* _ABOUT THIS TASK_: Each record below is to be output unchanged, and any picture is to be dropped.

Stored items from a collection
__________

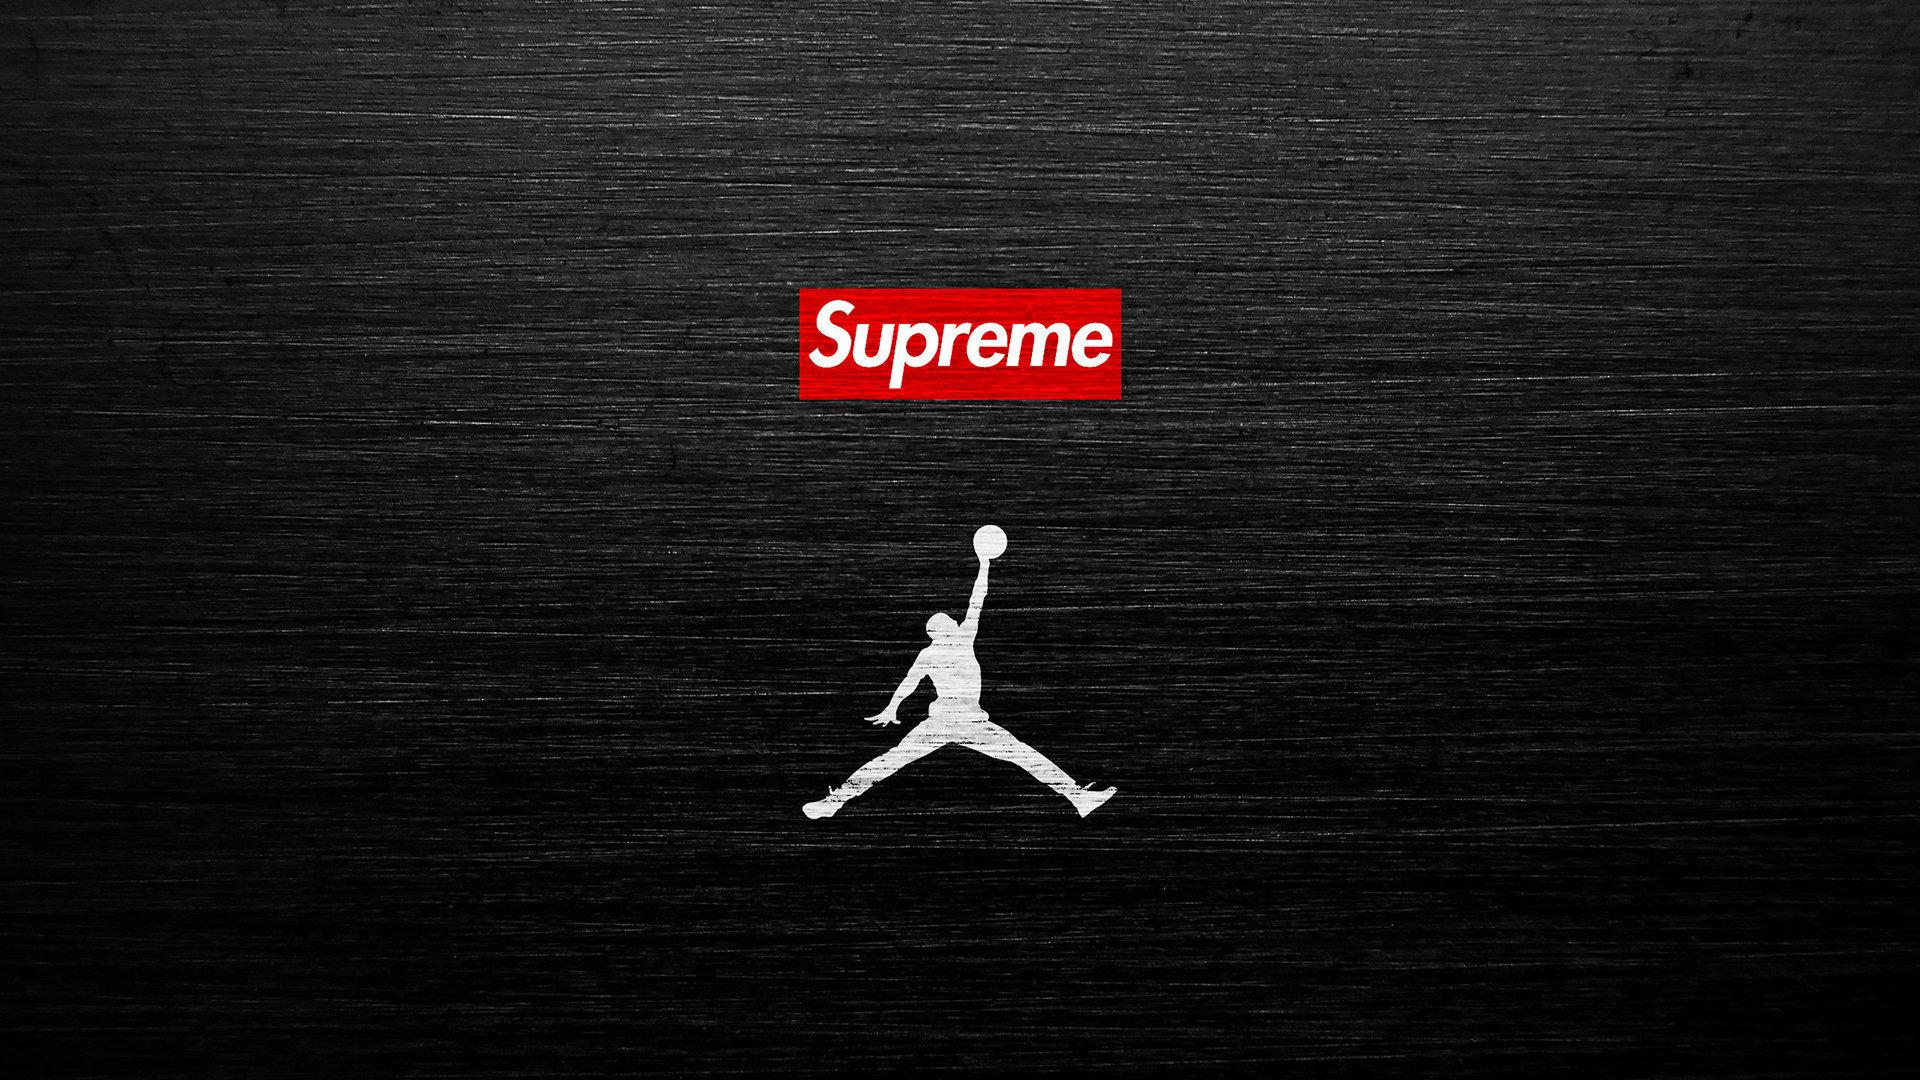 Air Jordan Supreme Wallpaper   AuthenticSupremecom 1920x1080
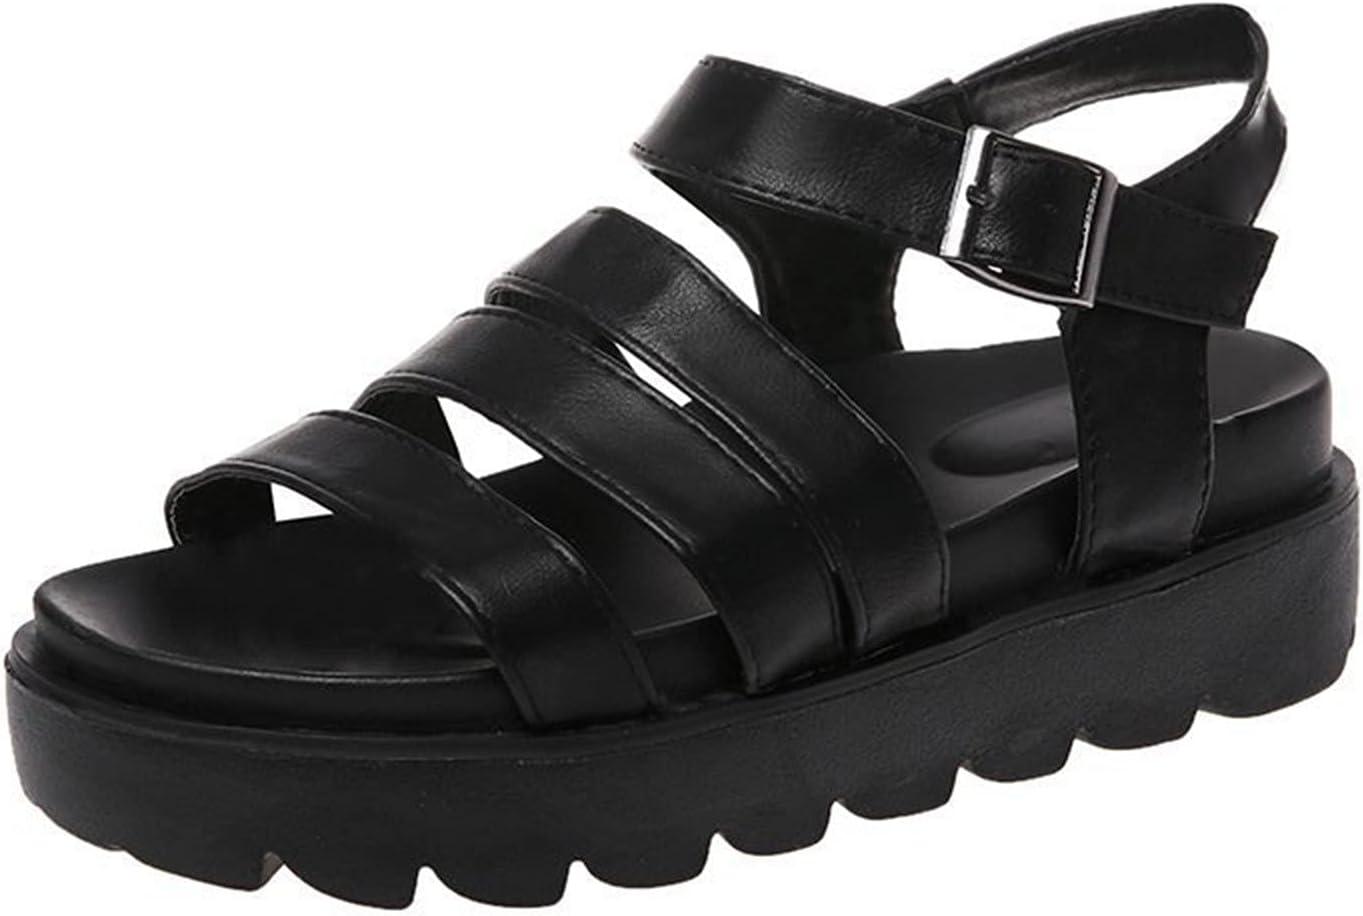 Flip Flop Sandals for Women Fluffy Slippers for Men Flip Flops Mens 12 Small Wedge Pillow for Sleeping Shoes Rack Espadrilles for Men Leather Beach Shoes for Girls Size 10 (Black ,7.5 )
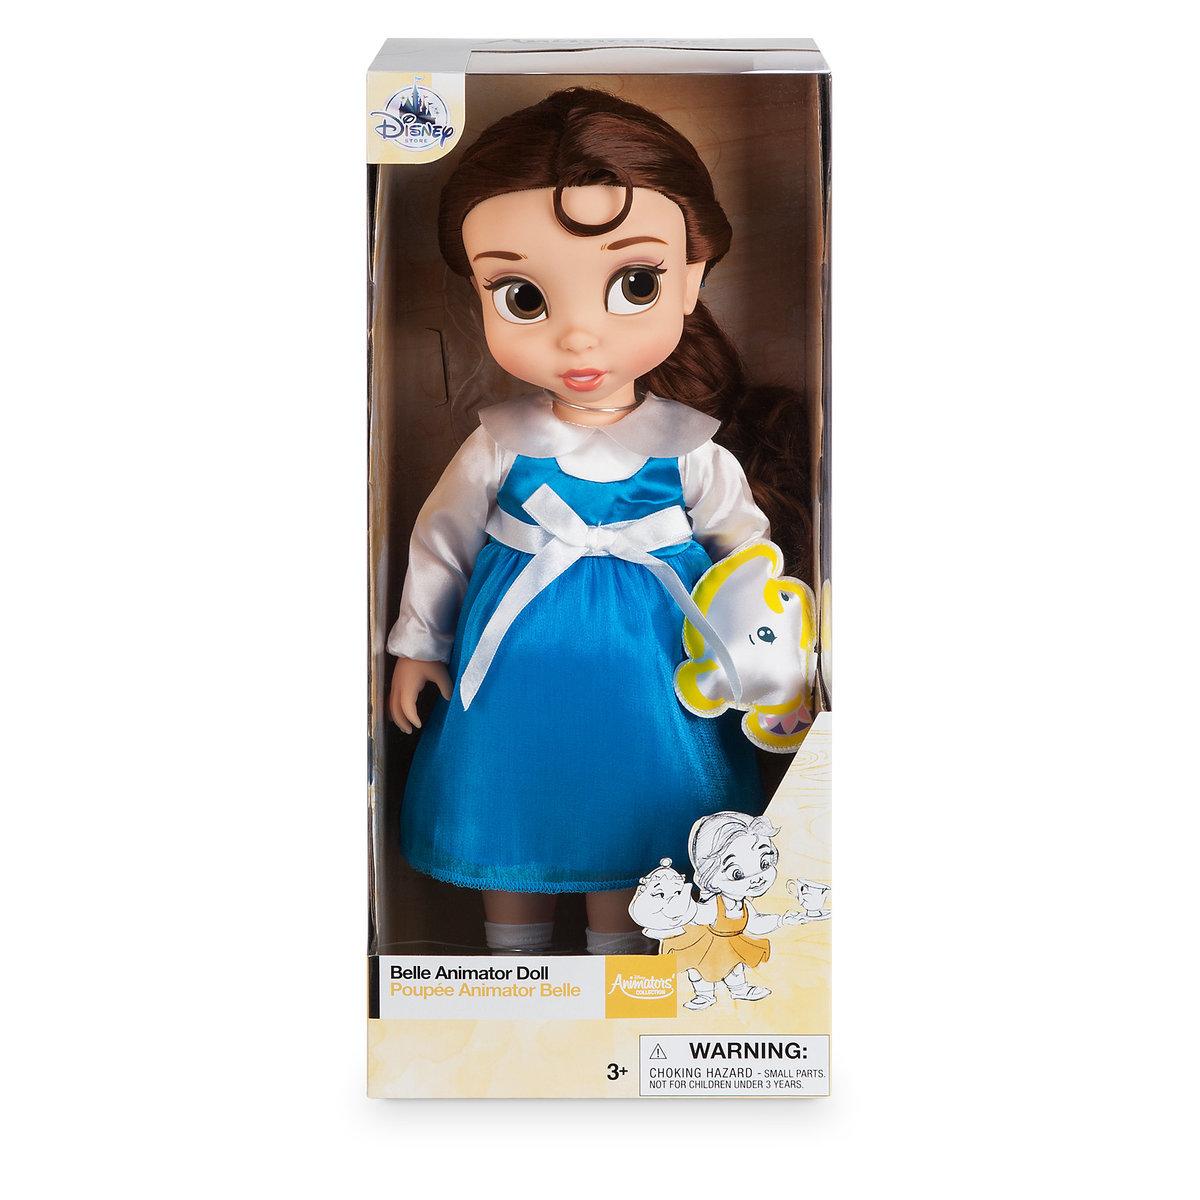 Disney Animators' Collection Belle Doll - 16'' ของแท้ นำเข้าจากอเมริกา
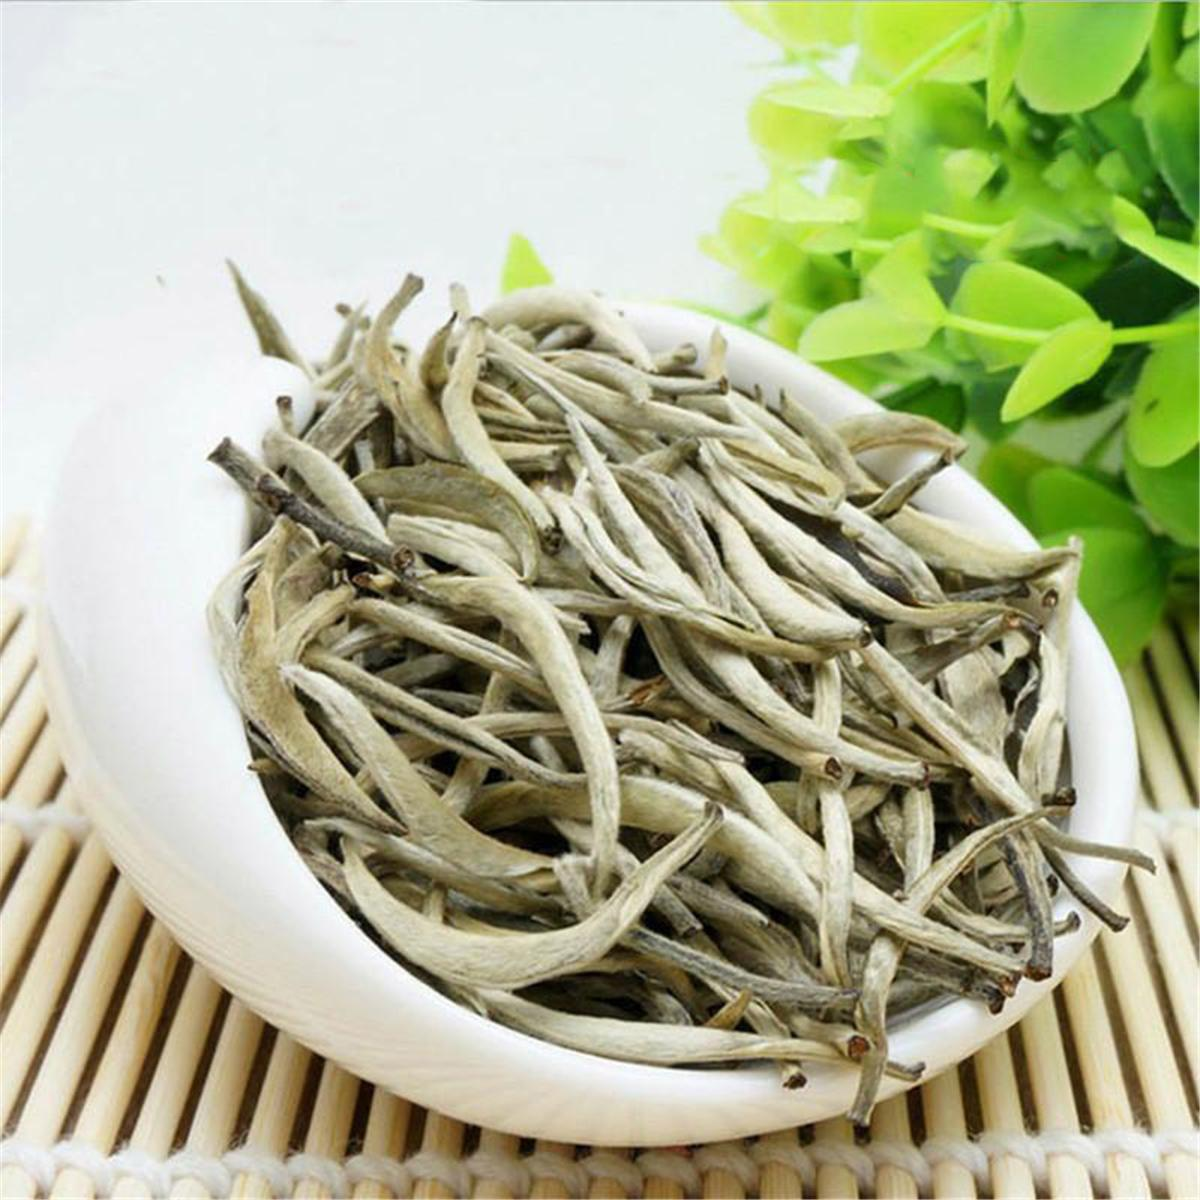 100g Raw Puer Tea Yunnan Silver Needle Loose White Puer Tea Organic Pu'er Old Tree Green Puer Natural Puerh Tea Factory Direct Sales
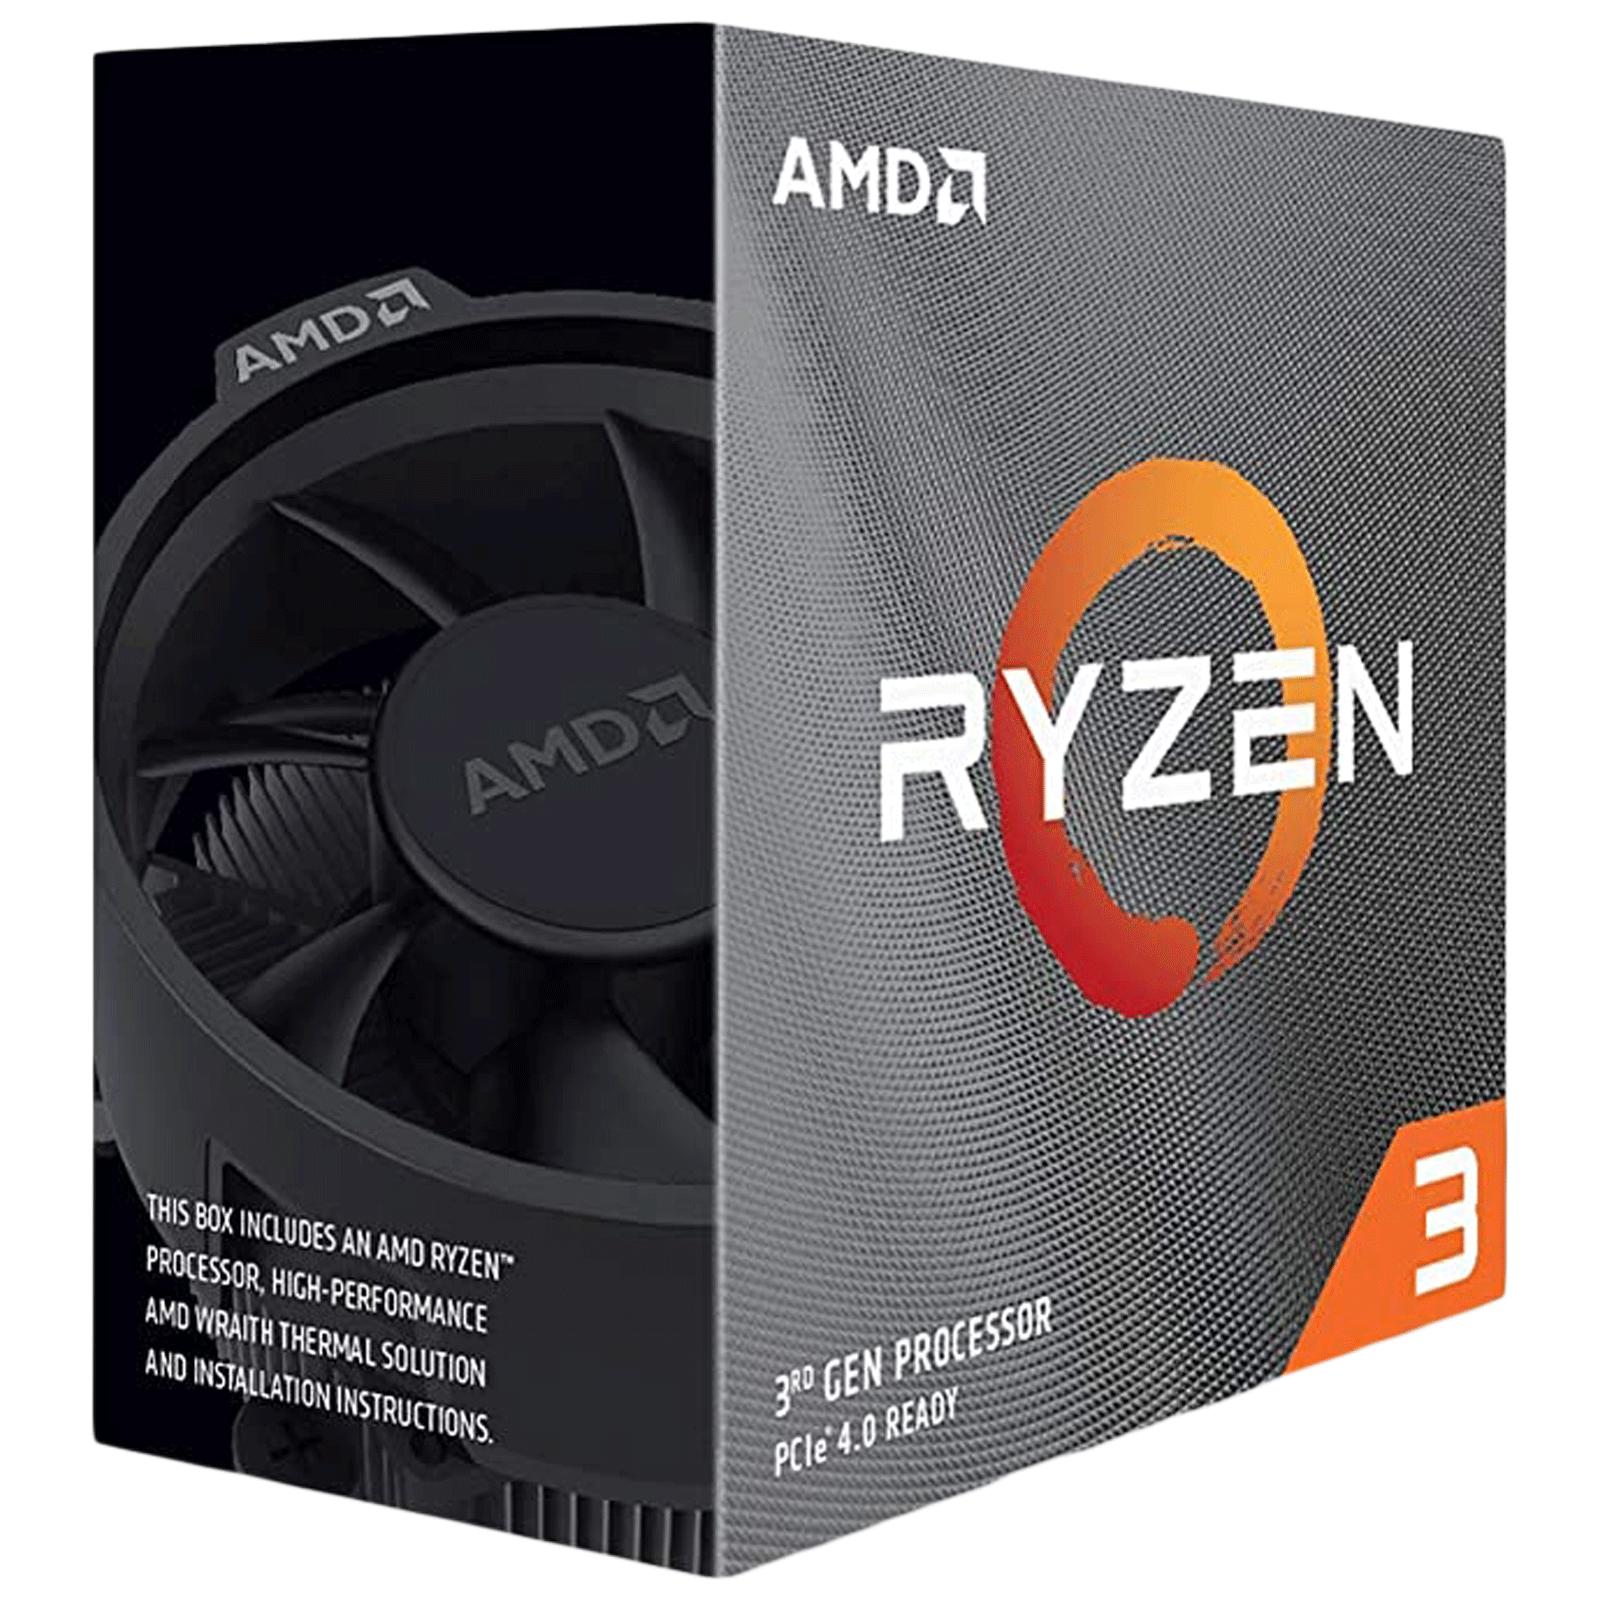 AMD Ryzen 3 Desktop Processor (4 Cores, 3.6 GHz, Unlocked For Overclocking, 3100, Silver)_1

__________

* _OUTPUT BELOW_:
 Air Jordan Supreme Wallpaper   AuthenticSupremecom 1920x1080
 Flip Flop Sandals for Women Fluffy Slippers for Men Flip Flops Mens 12 Small Wedge Pillow for Sleeping Shoes Rack Espadrilles for Men Leather Beach Shoes for Girls Size 10 (Black ,7.5 )
 Disney Animators' Collection Belle Doll - 16'' ของแท้ นำเข้าจากอเมริกา
 100g Raw Puer Tea Yunnan Silver Needle Loose White Puer Tea Organic Pu'er Old Tree Green Puer Natural Puerh Tea Factory Direct Sales
 AMD Ryzen 3 Desktop Processor (4 Cores, 3.6 GHz, Unlocked For Overclocking, 3100, Silver)_1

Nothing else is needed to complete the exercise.